Instructions to follow >> For this exercise, transcribe every line of the material exactly and skip the pictures.

Data extract >>
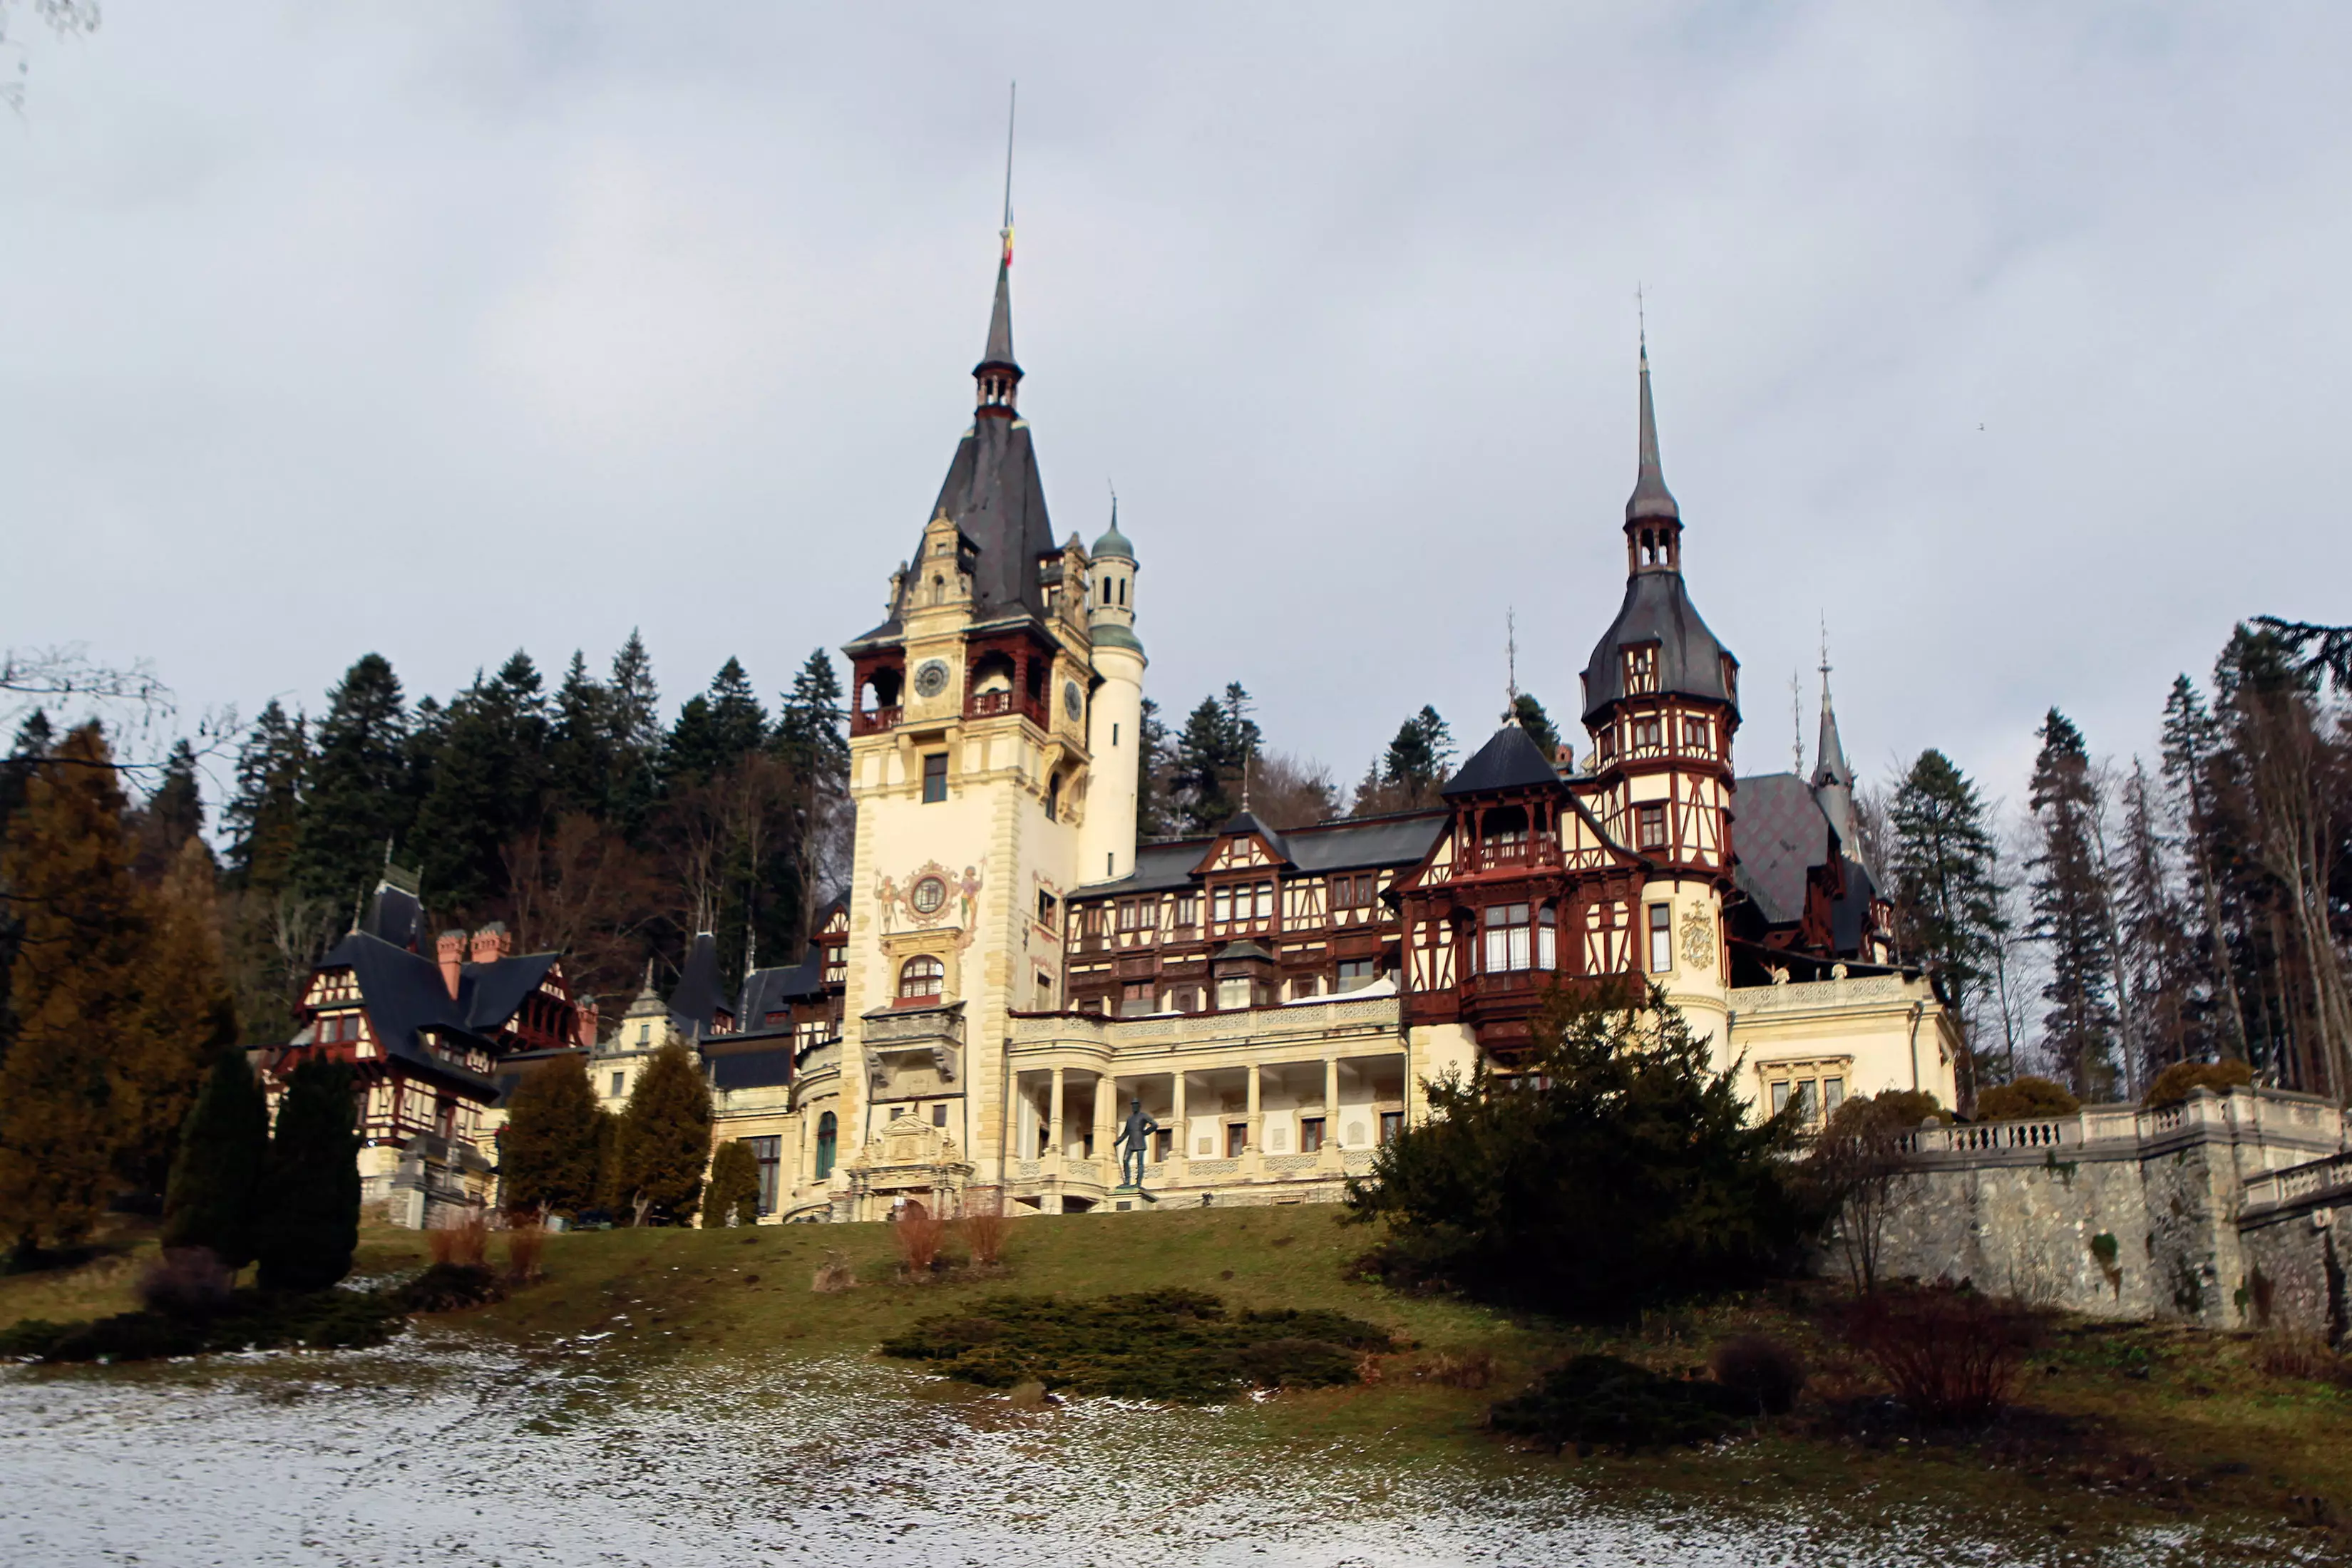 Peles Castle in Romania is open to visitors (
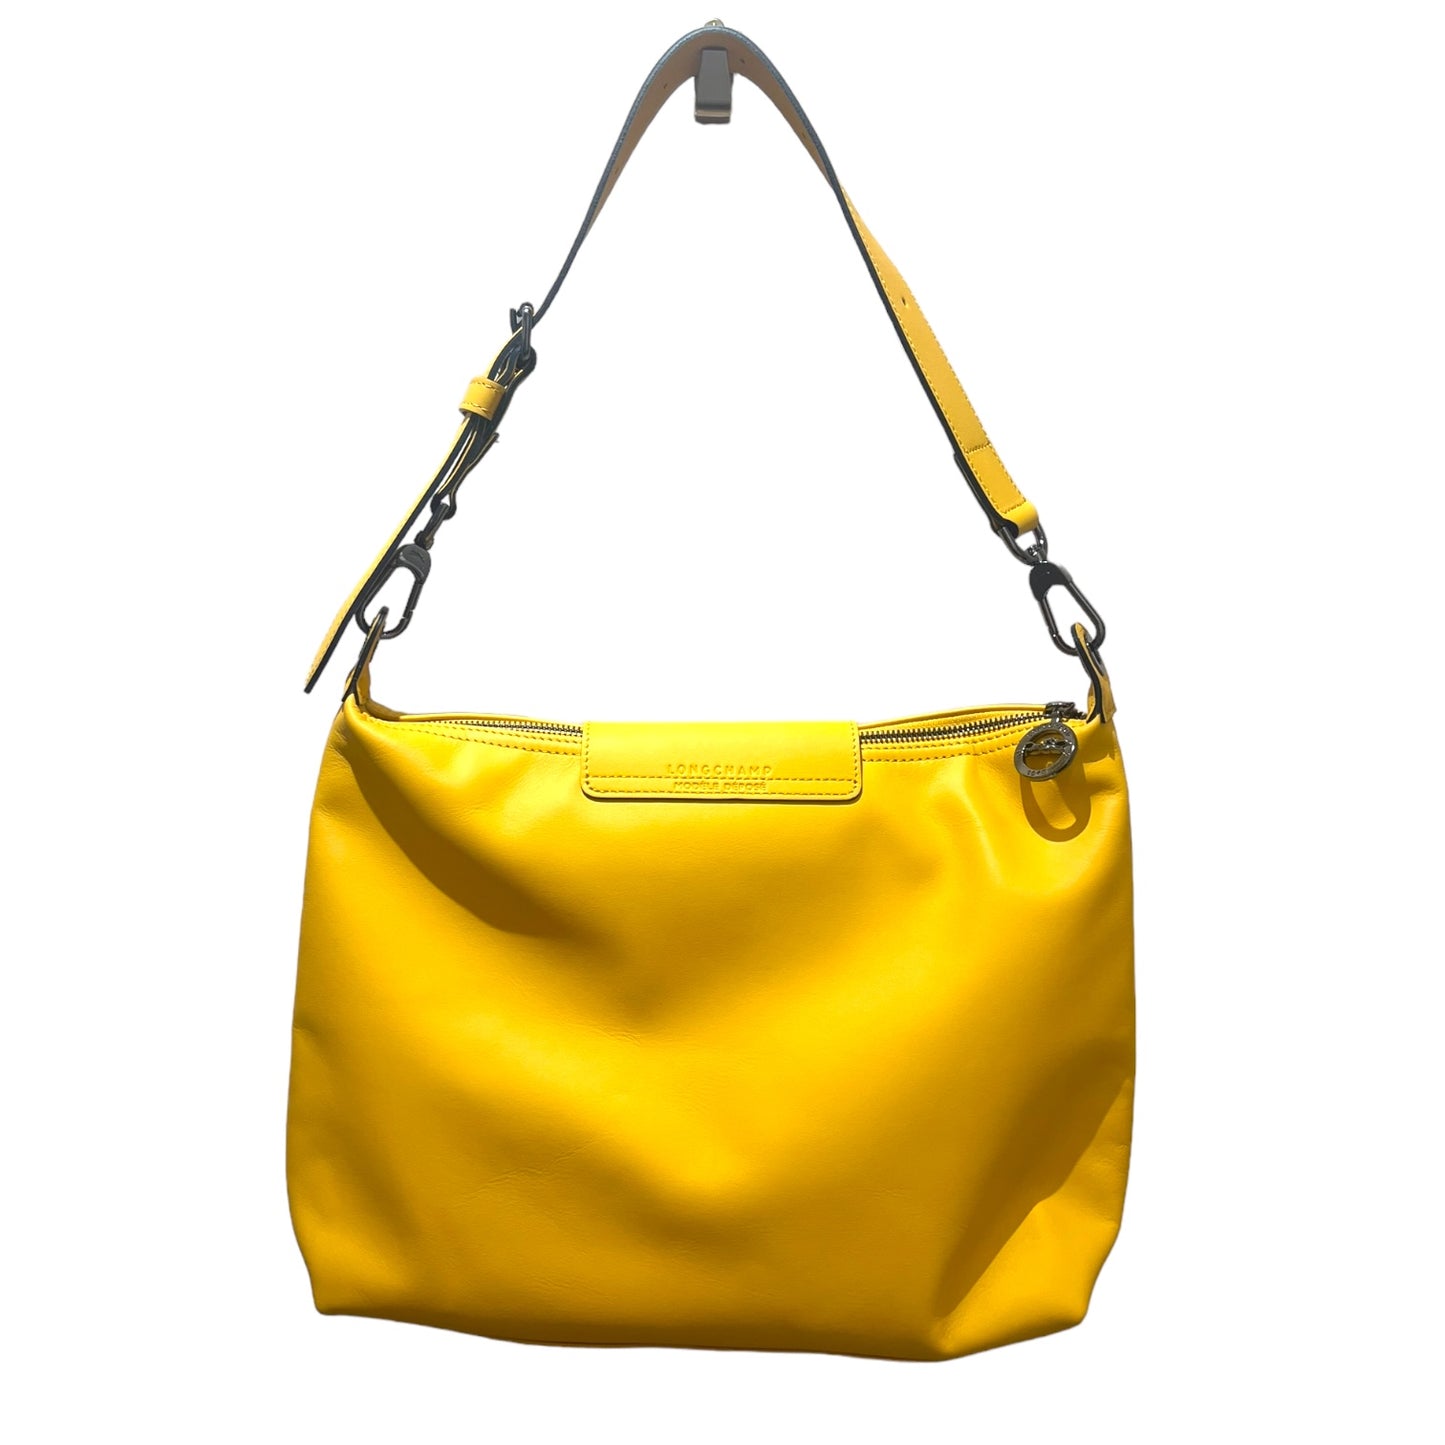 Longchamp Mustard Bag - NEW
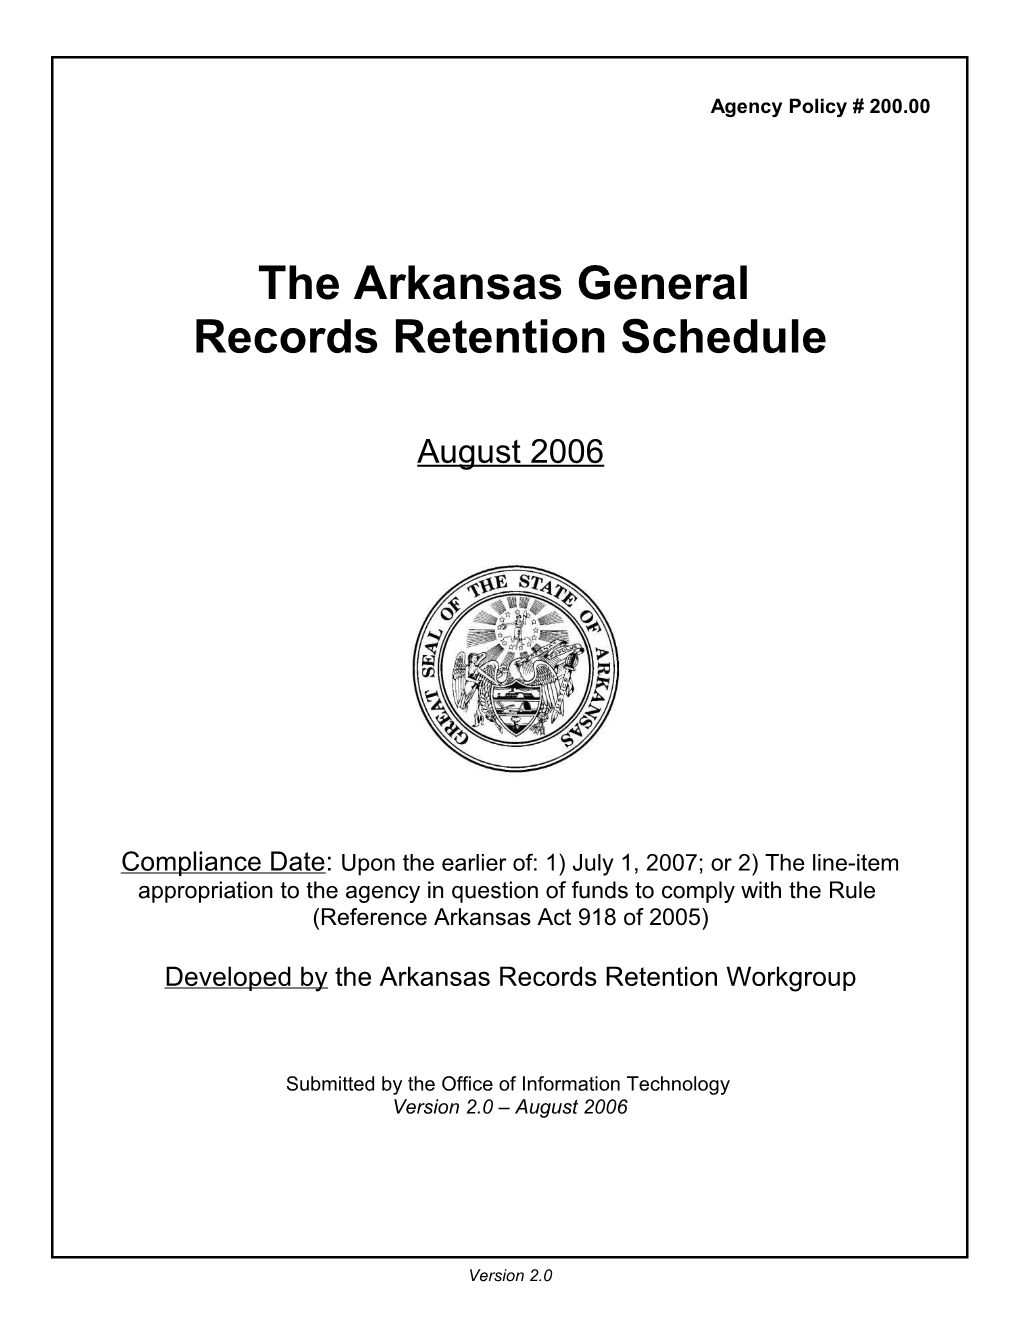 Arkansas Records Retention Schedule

Task answer >>
 Peles Castle in Romania is open to visitors (
 Longchamp Mustard Bag - NEW
 Arkansas Records Retention Schedule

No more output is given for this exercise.